From Joe McConnell I met Len Tashman in (I believe) 2003, and he has truly been one of the finest people I know. Early on, Len knew I had a very ambitious vision about what could become of the field of forecasting in the realm of dynamic, competitive business. As I have worked out that vision over the years, Len has always been an enthusiastic and thoughtful supporter. Now, as I near fruition on that vision, I am most grateful for his friendship and collegiality! We share a love of fine wine and fine skiing. On one occasion, back in Sydney in 2004 at an ISF (abetted by more than a few opportunistic ISF attendees), we went through an entire case of assorted Shiraz – a good time was had by all. I look forward to topping that by a large margin. Cheers!

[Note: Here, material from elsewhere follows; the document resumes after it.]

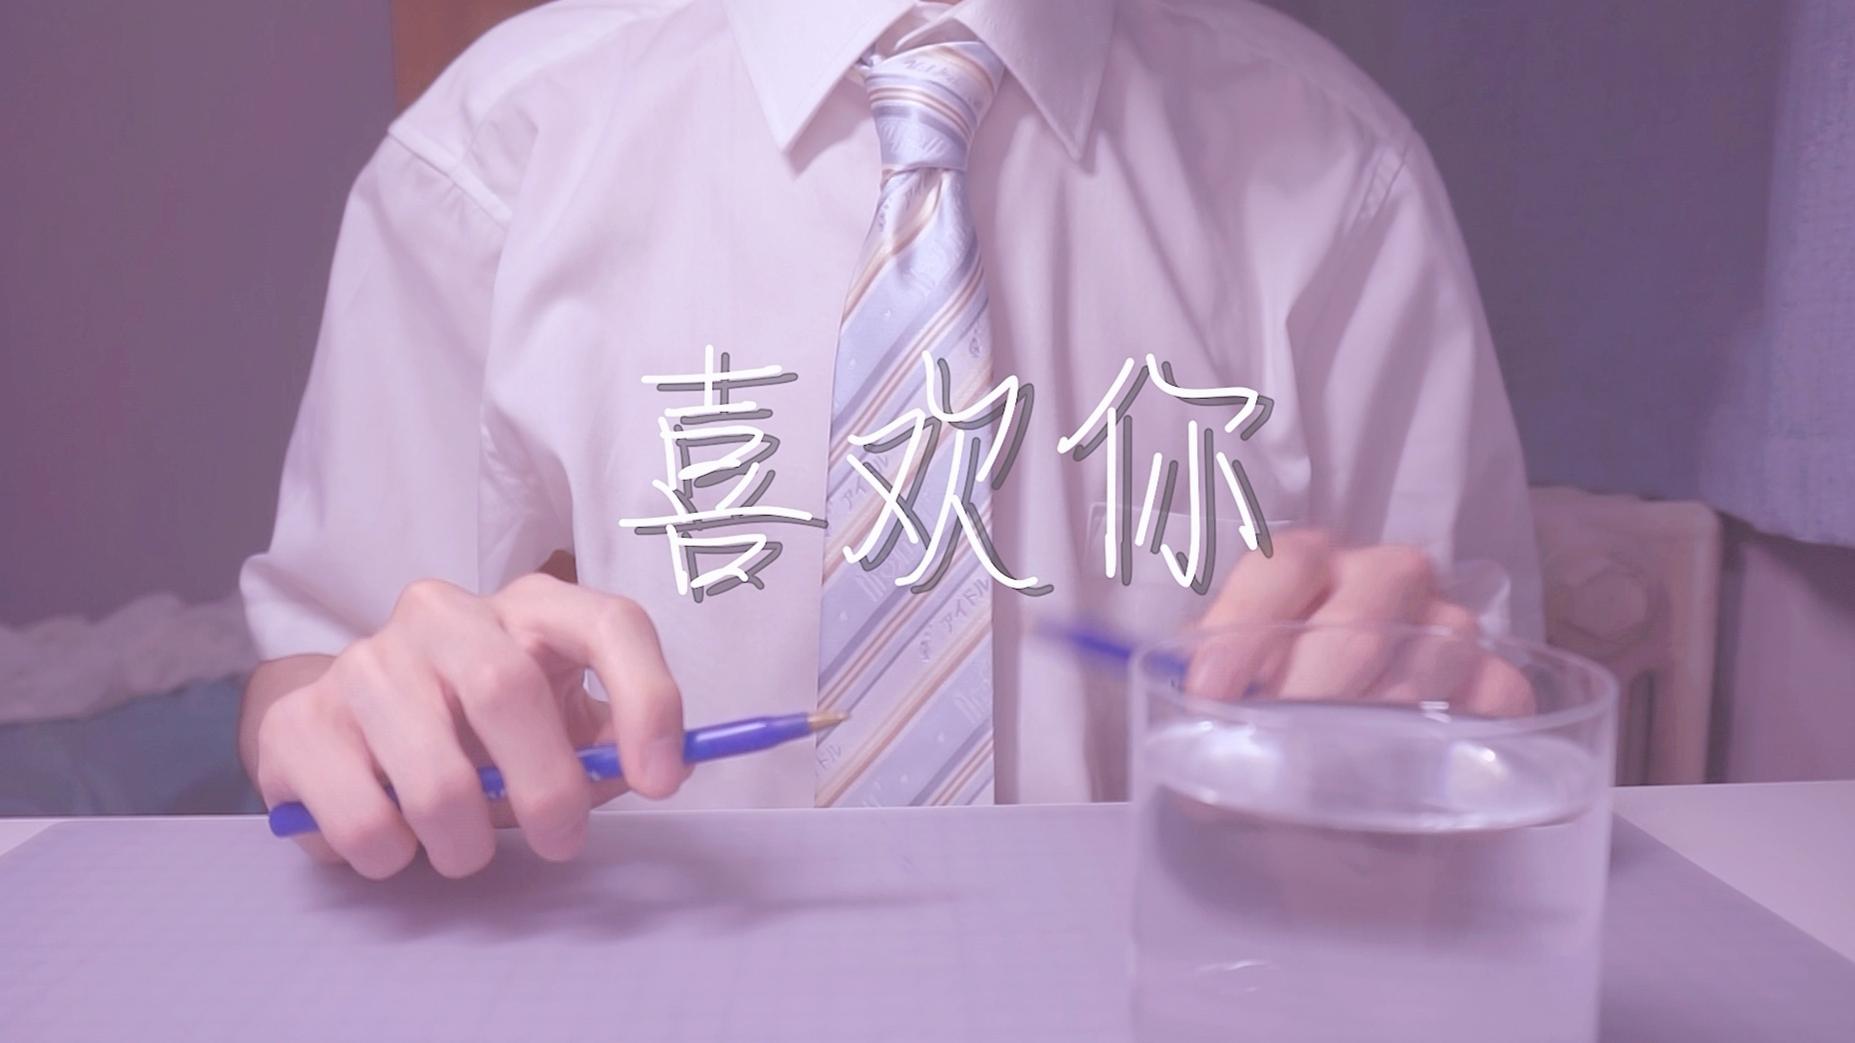 小哥哥用笔和玻璃杯演奏《喜欢你》~ penbeat cover陈洁仪

From Mary Ellen Bridge Earlier in the fall, when I read through your wonderful summary of the history of  and the great tributes to the many people who have made it such a success, I realized you must have gone through several emotions in writing it—pride, satisfaction, sadness, perhaps relief? An ending to a big part of your life. Congratulations on all your achievements! Now and then I remember the actual physical meetings our small staff had, sometimes at your home in Charlotte, VT, and our conversations about the number of subscribers and the reactions of the board members to getting the fledgling publication off the ground. And thanks for offering me this copy editing job about 16 years ago. Though I often don’t understand all the articles, I constantly admire the expertise of the authors, as well as their writing abilities. Godspeed to you in whatever lies ahead, Len, and please keep in touch.